G. The Division of Taxation imposed penalties pursuant to Tax Law § 685(b)(1), (2); (p). Tax Law § 685(b)(1), (2) provide for the imposition of penalties if any part of a deficiency is due to negligence or intentional disregard of Article 22 of the Tax Law or the regulations promulgated thereunder and an addition based on the interest on the underpayment. Tax Law § 685(p) provides for the imposition of a penalty where there is a "substantial understatement" of the amount of income tax required to be shown on a return.
The penalties asserted were set forth and clearly delineated in the consent to field audit adjustment, dated October 13, 2006. Therefore, petitioners' contention that the auditor never explained the penalties or stated why they were imposed was in error. The provisions of the penalty sections are self-explanatory and their application to this matter was obvious when the determination was made that petitioners were New York statutory residents for the years in issue and had failed to timely remit the tax due on their income tax returns. Further, petitioners have not raised any argument for the abatement of the penalties asserted.
The issue of statutory residency involves a careful application of Tax Law § 605(b)(1)(B) and the regulation at 20 NYCRR former 105.20(e)(1) to the facts of the case as pertinent to petitioners' maintenance of a principal place of abode in New York. Petitioner's failure to pay the tax herein was due to their erroneous interpretation of the statute and regulation. The failure to pay tax when based on a different legal interpretation of a statute need not be considered reasonable cause. If it were so considered, the Division would rarely be entitled to levy such penalties (Matter of Auerbach v. State Tax Commn., Sup Ct, Albany County, March 27, 1987, Williams, J., affd 147 AD2d 390, 536 NYS2d 557; see also Matter of Erdman).
In addition, petitioners' denial that they maintained living quarters in New York on their 2002, 2003 and 2004 nonresident income tax returns supports the imposition of the negligence penalties. They had owned the Napeague home since 1997 and to deny maintaining living quarters, regardless of suitability for a specific purpose, for each of the years in issue appears disingenuous at best and obfuscatory at worst. Petitioners' failure to establish that they were not statutory residents as determined by the Division on audit warranted the imposition of the penalties asserted and their inability to demonstrate that their failure to pay the tax was due to reasonable cause justifies sustaining that imposition.

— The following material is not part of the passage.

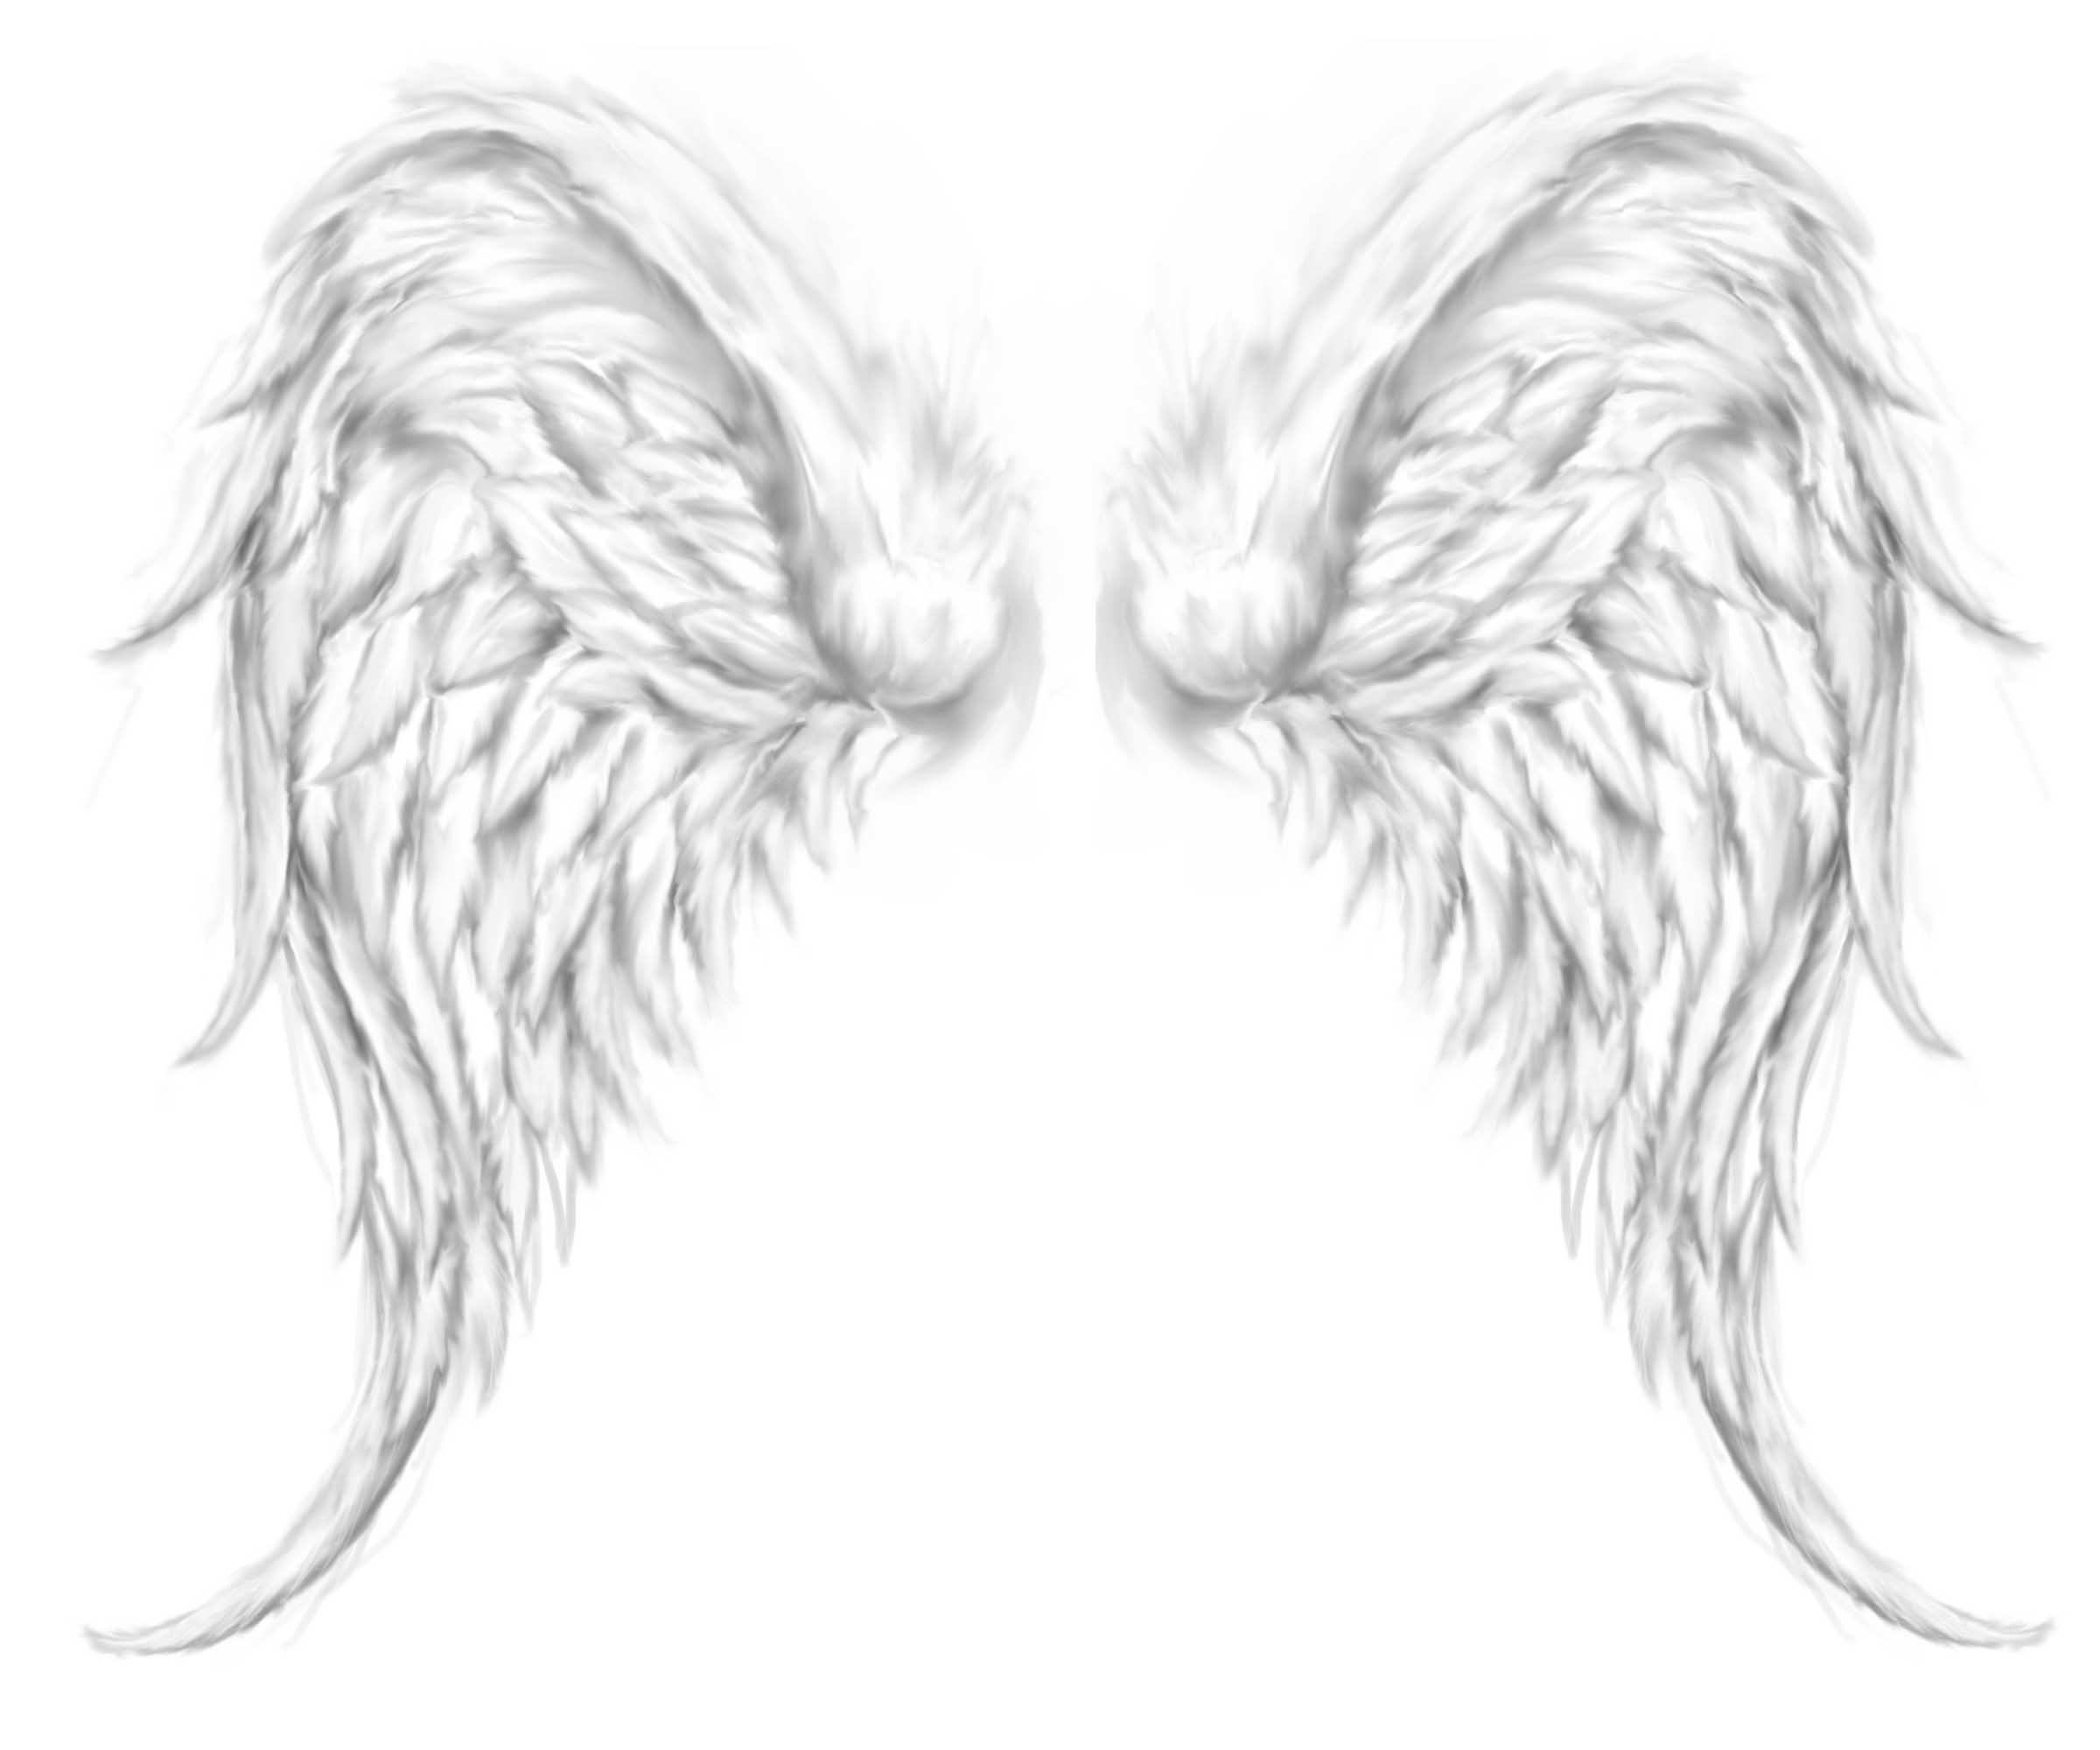 Grey Ink Angel Wings Tattoo Design

H. The petition of John J. and Laura Barker is denied and the Notice of Deficiency, dated May 8, 2008, is sustained.
DATED: Troy, New York
November 19, 2009
1. This statement predated
petitioners' concession that Mr. Barker spent more than 183 days of the tax year
in New York State for each of the years in issue.
2. Both of the opinions of the Attorney General were
directed to military officers and various scenarios under which they might be
living in New York State while serving. It is noted that the current Tax Law §
605(b)(B) exempts individuals in active service in the armed forces of the
United States. Also, it is noted that the March 13, 1940 opinion cited Hutton
v. Graves (256 App Div 1024), which concerned domicile and not
statutory residency of an individual.